The names Lilla Bommen ("The Small Boom") and Stora Bommen ("The Large Boom"), which is slightly further to the west along the Göta älv, come from the booms that previously blocked the way for boats going in and out of the Gothenburg canals and where a government tax was collected. The harbor was located between two bastions: the Gustavus Primus at the present-day opera house, and the S:tus Ericus west of the Lilla Bommen high-rise.

== History ==
Completed in 1860, with a quay 525 m and 3.5 m deep, Lilla Bommen soon became the main port in Gothenburg for canal boats, and domestic shipping.
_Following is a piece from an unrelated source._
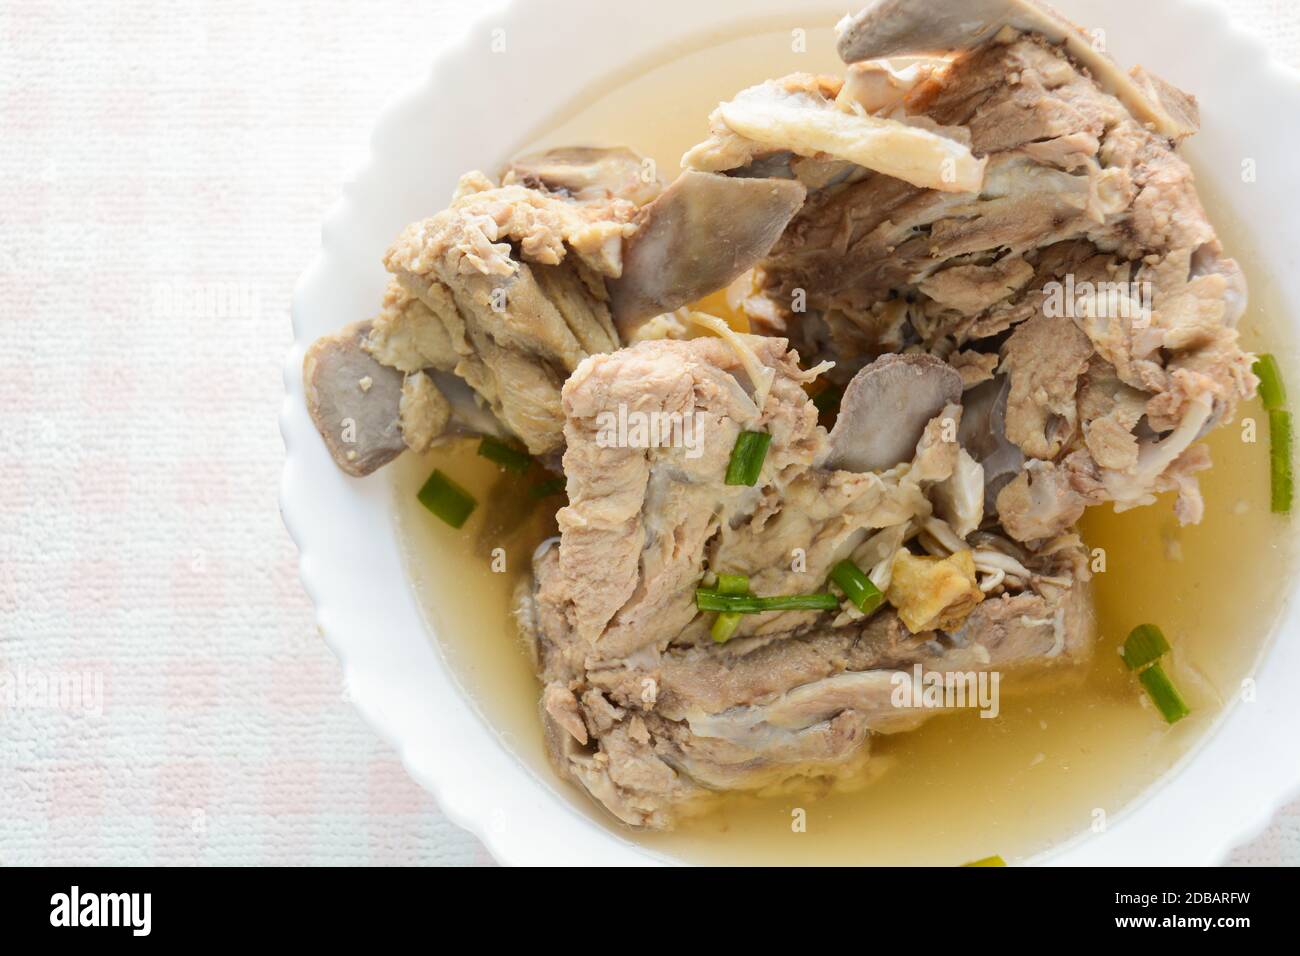 https://c8.alamy.com/comp/2DBARFW/slow-cooker-pork-bone-broth-its-simmered-for-many-hours-to-extract-as-much-nutrients-from-it-the-long-cooking-time-breaks-down-bone-to-release-vita-2DBARFW.jpg

It was the starting point for cargo and passenger ships going up the Göta älv, through the Göta Canal, then across lakes Vänern and Vättern to Stockholm and Norrköping.

Demolition of the old gunpowder house at Lilla Bommen started on 7 October 1862. In 1899, a station house was built at Lilla Bommen at the end of the line for the Västergötland–Göteborgs Järnvägar ("Västra Götaland–Gothenburg Railway").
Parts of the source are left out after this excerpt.